Big data means big issues
for exascale visualization
Posted August 8, 2012
Visualization from a simulation of a grossly aspherical supernova.
Click image to enlarge and for more information.
|
When exascale computers begin calculating at a billion, billion operations each second, gaining insights from the massive datasets generated by the simulations they run will be a huge challenge. Scientists may be tempted to pause the simulation, effectively “holding the machine hostage” as they scramble to create meaningful portrayals of the data barrage, says Hank Childs, a Lawrence Berkeley National Laboratory computer systems engineer. Childs, a recent recipient of a $2.5 million Department of Energy Early Career Research Program award, is out to prevent that.
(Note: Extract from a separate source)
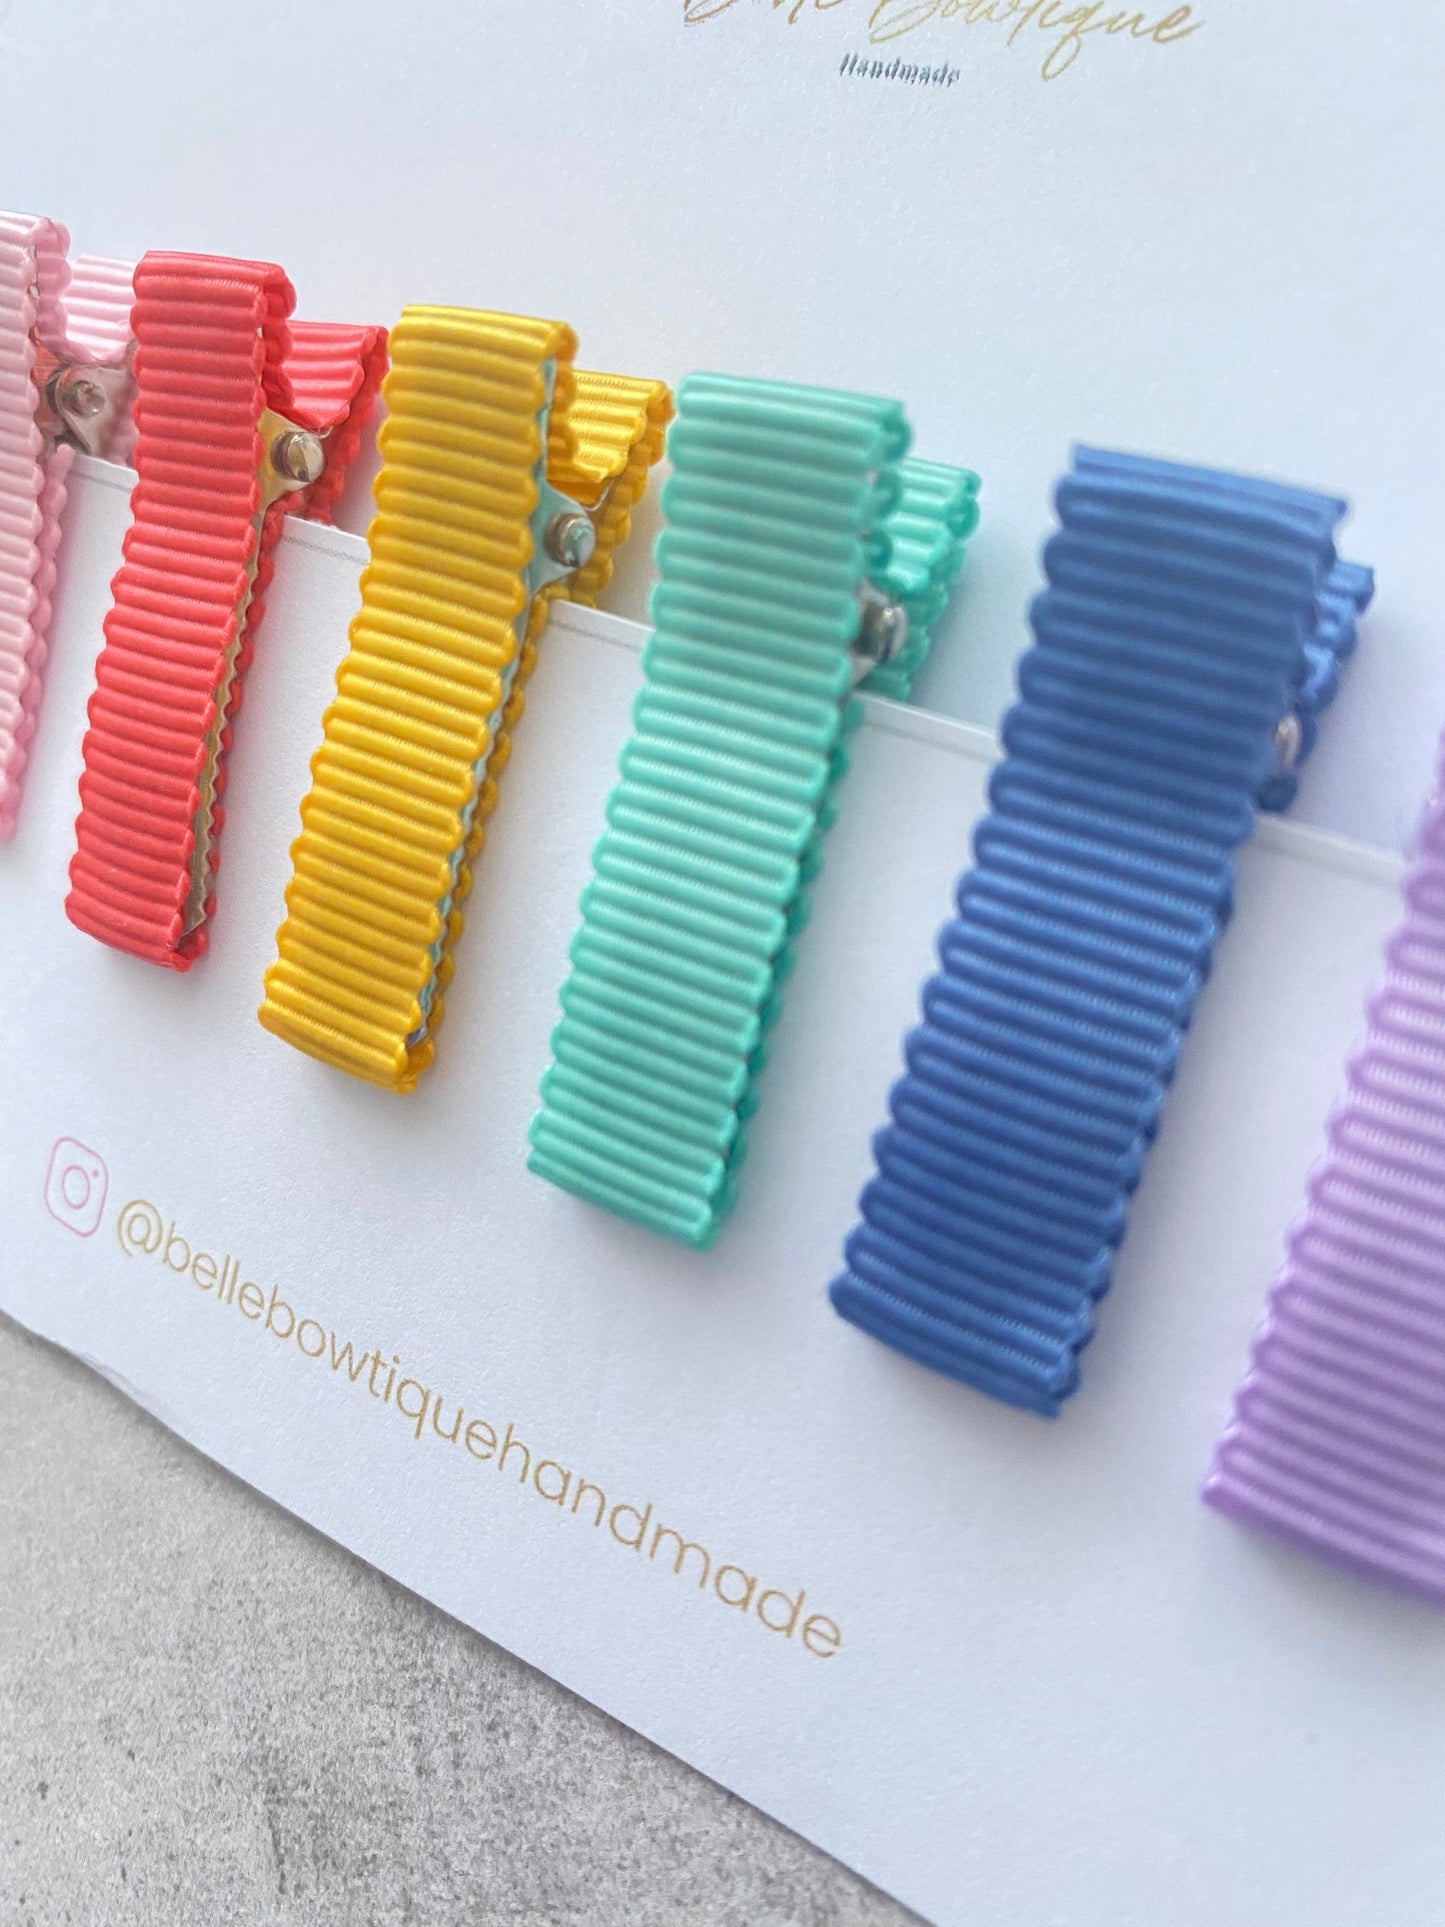 Rainbow ribbon fringe clips pack of 6 - small clips - mini clips - Clip pack - baby hair clips - toddler hair clips

A former chief software architect for a component of DOE’s Visualization and Analytics Center for Enabling Technologies (see sidebar, “VisIt: More than pretty pictures”), Childs backs the idea that running simulations in lieu of doing experiments is the most cost-effective way to advance scientific knowledge in the era of mega-performing machines.
“My piece of the puzzle is helping people know what the simulation is telling them,” he says. “Scientific visualization is taking the data and then producing images that let people see the data. Ideally, this will lead to new science, the new insights, that realize the simulation’s value.”
But he and fellow visualization researchers fear looming logjams, in both input/output and data movement, as supercomputing advances in about five years from the current petascale level of a million billion floating point operations a second (flops) to the exaflops range.
“If somebody hands you a petabyte or, in the future, an exabyte, how do you load that much data from disk, apply an algorithm to it and produce a result?” Childs asks. “The second challenge is complexity. You only have about a million pixels on the screen – not many more than in your eye – so you have to do a million-to-one reduction of which data points make it onto the screen.”
Such pare-downs raise questions about the remaining data’s integrity, Childs says. “And even if this data integrity issue is managed, we may still produce images so complex that they overwhelm what our human visual processing system can understand. So we’re not doing anything meaningful.”